- _TASK REQUIREMENTS_
All of the data should be repeated exactly; pictures are not part of the copy.

- _DATA PROVIDED_

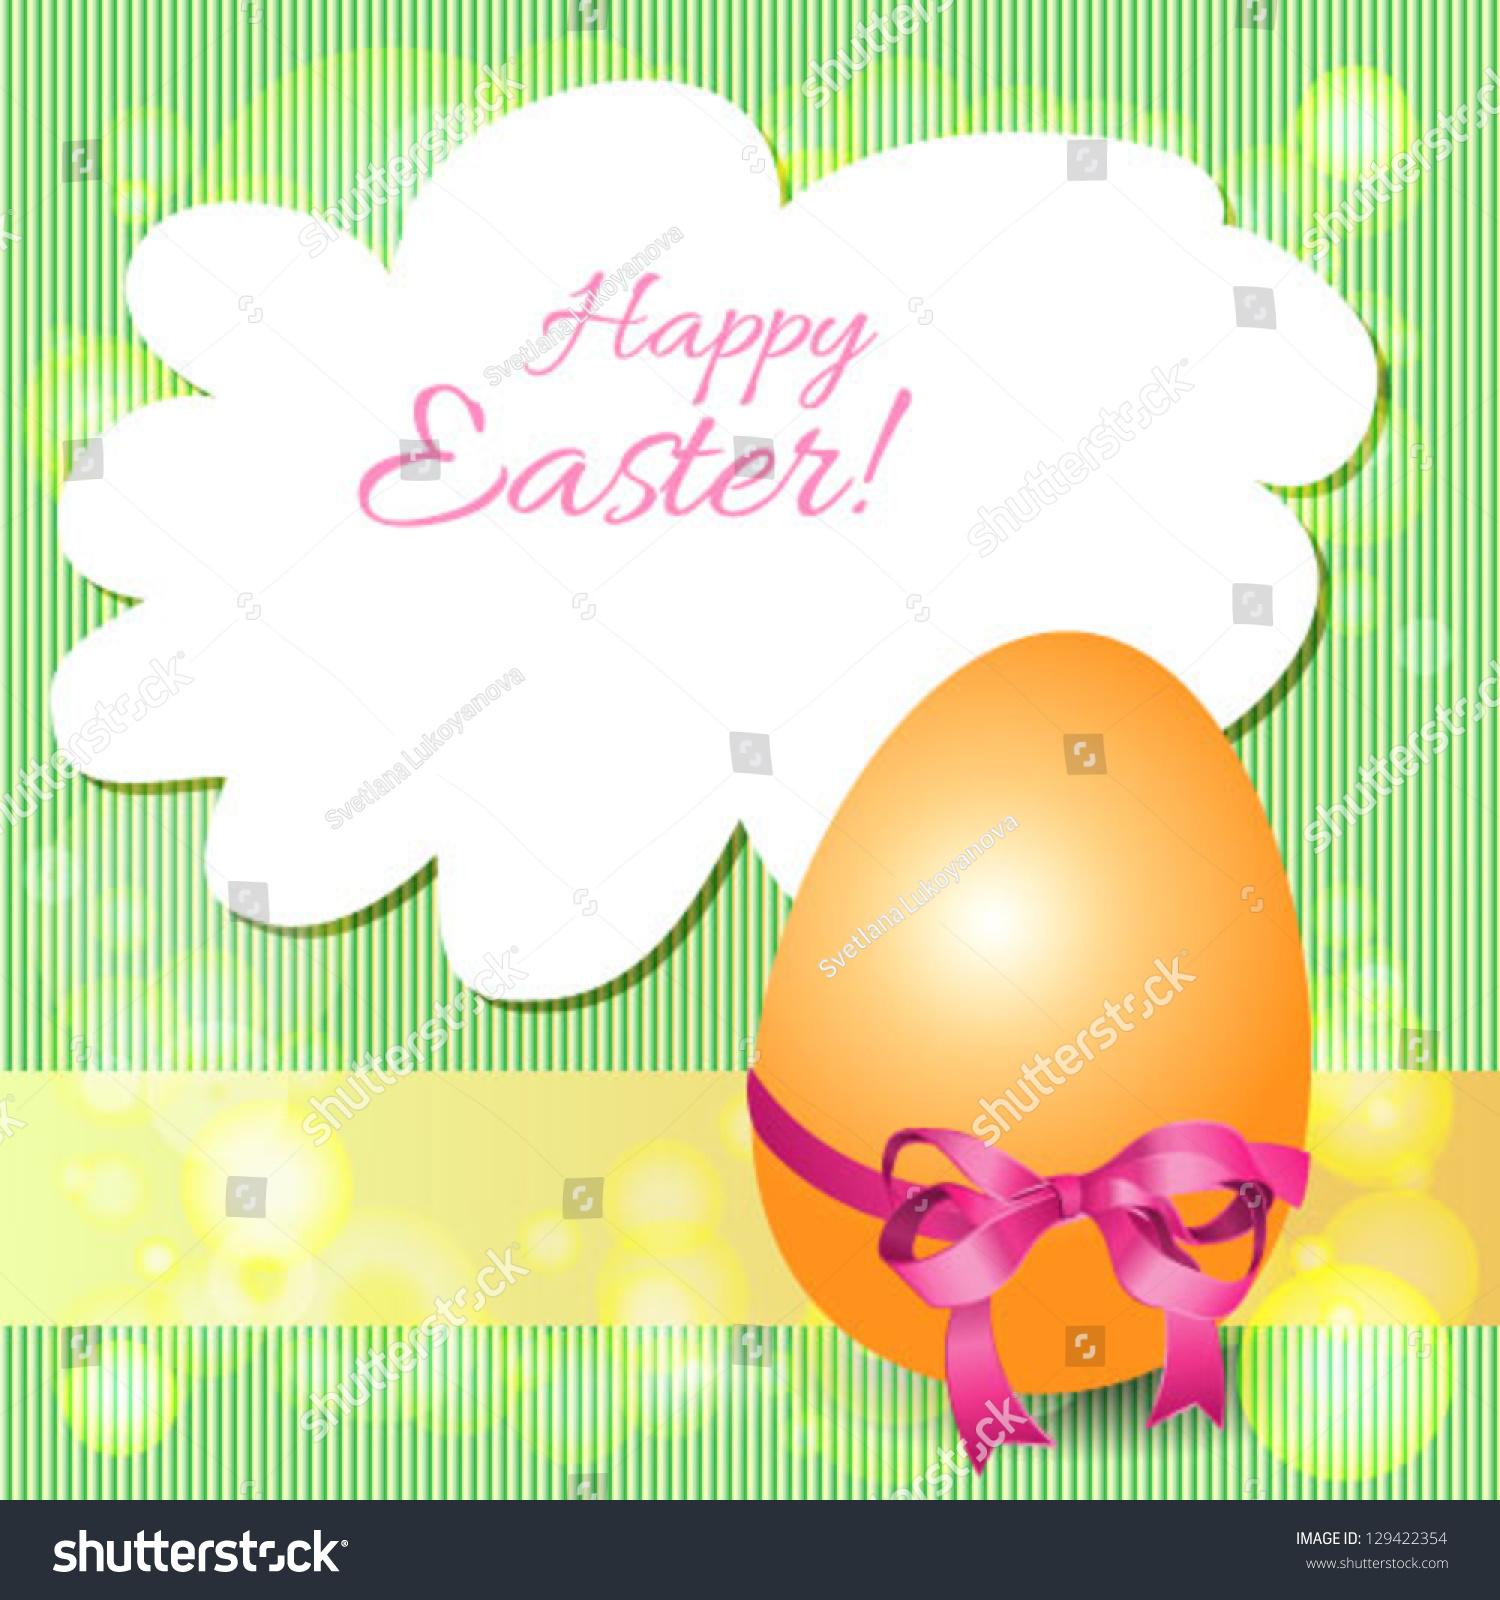 easter egg from easter cardampbanner vector background
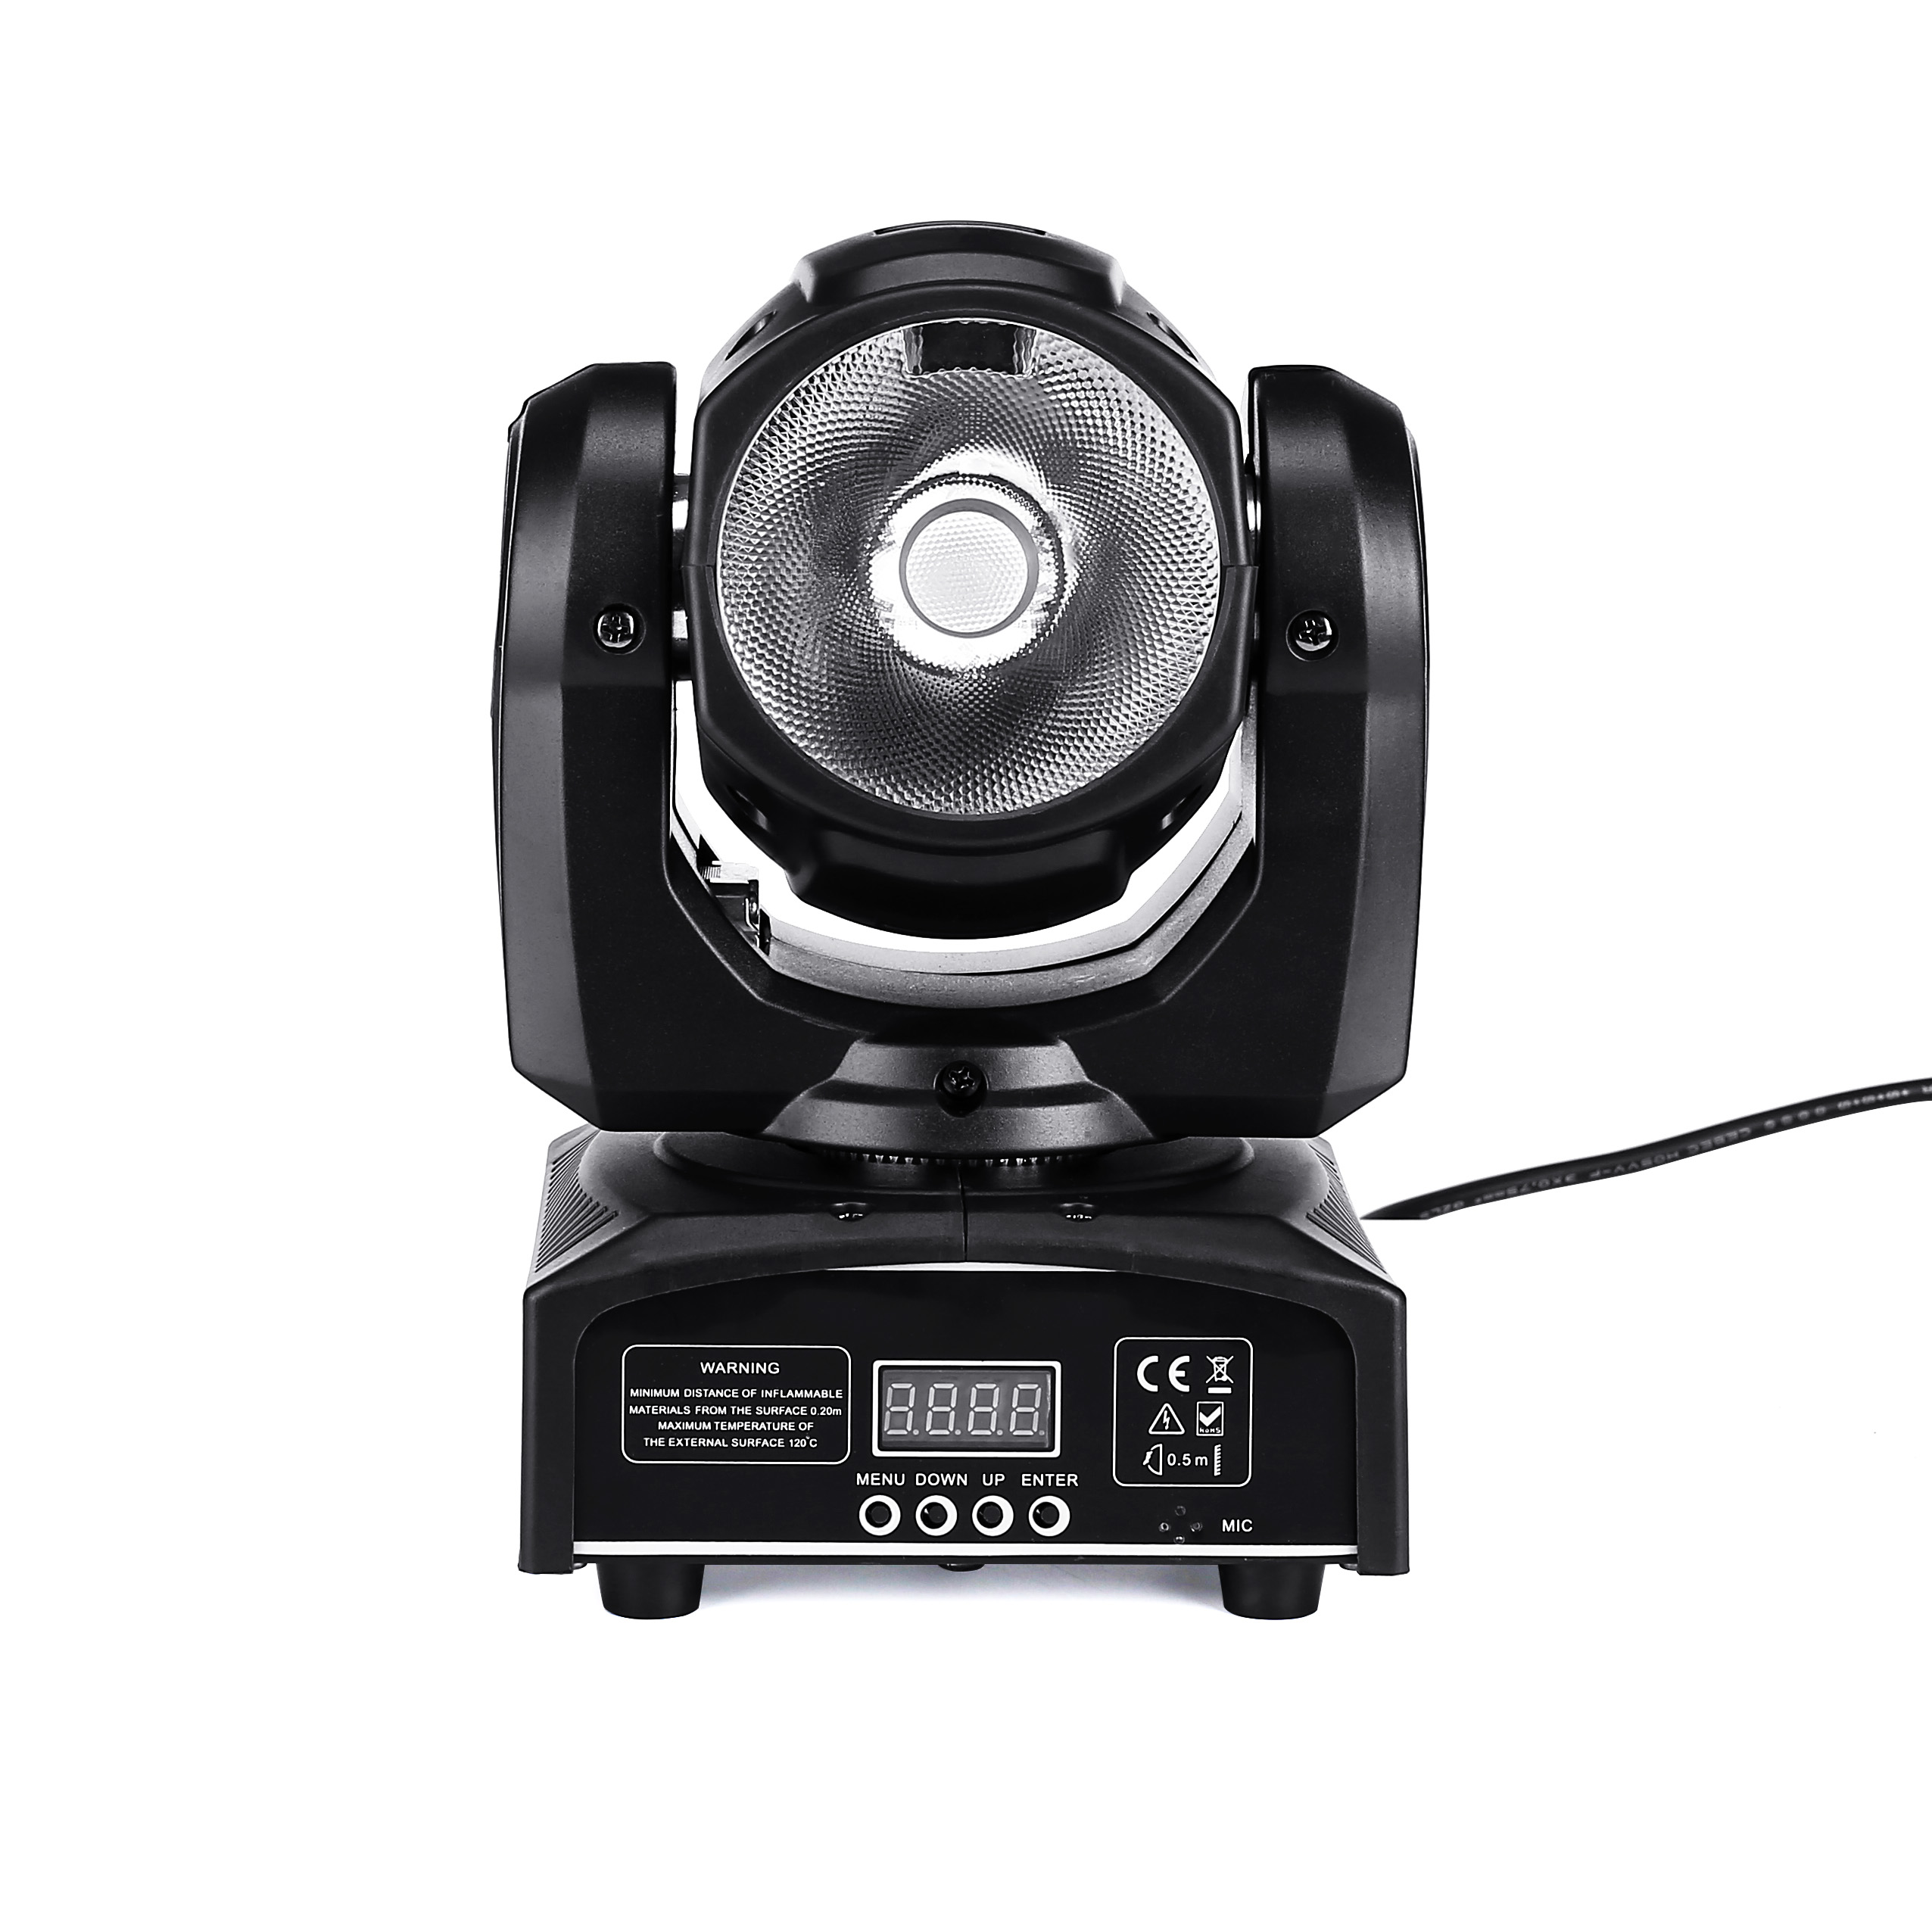 65W Led RGBW 4in1 Beam Moving Head Light 60W Beam Moving Heads Lights Super Bright LED DJ Spot Light Dmx Control Lights
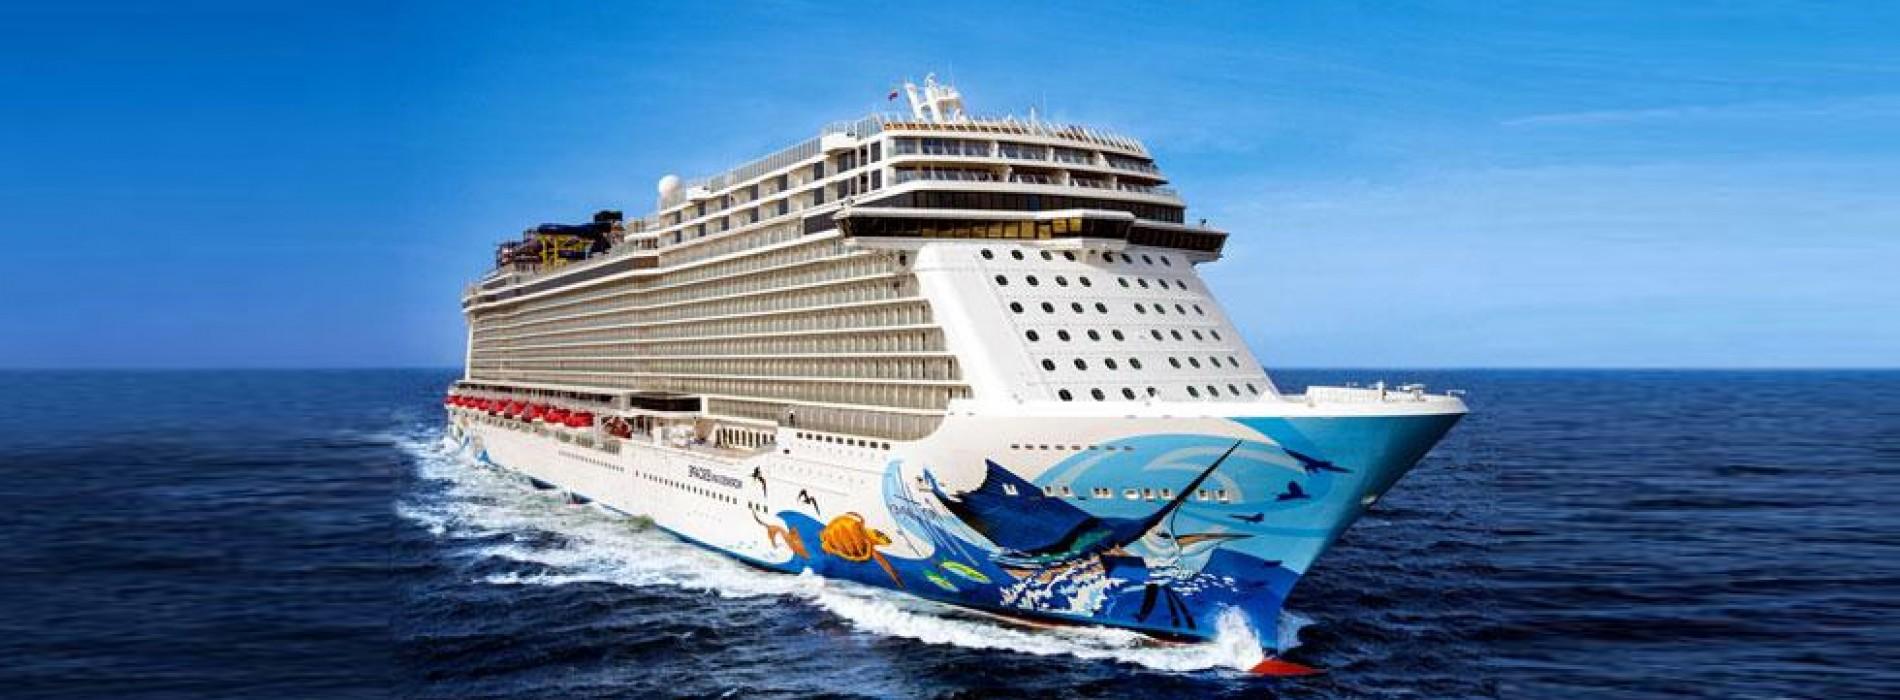 Largest Asian cruise ship starts maiden voyage

- _EXERCISE ANSWER_
 easter egg from easter cardampbanner vector background
 65W Led RGBW 4in1 Beam Moving Head Light 60W Beam Moving Heads Lights Super Bright LED DJ Spot Light Dmx Control Lights
 Largest Asian cruise ship starts maiden voyage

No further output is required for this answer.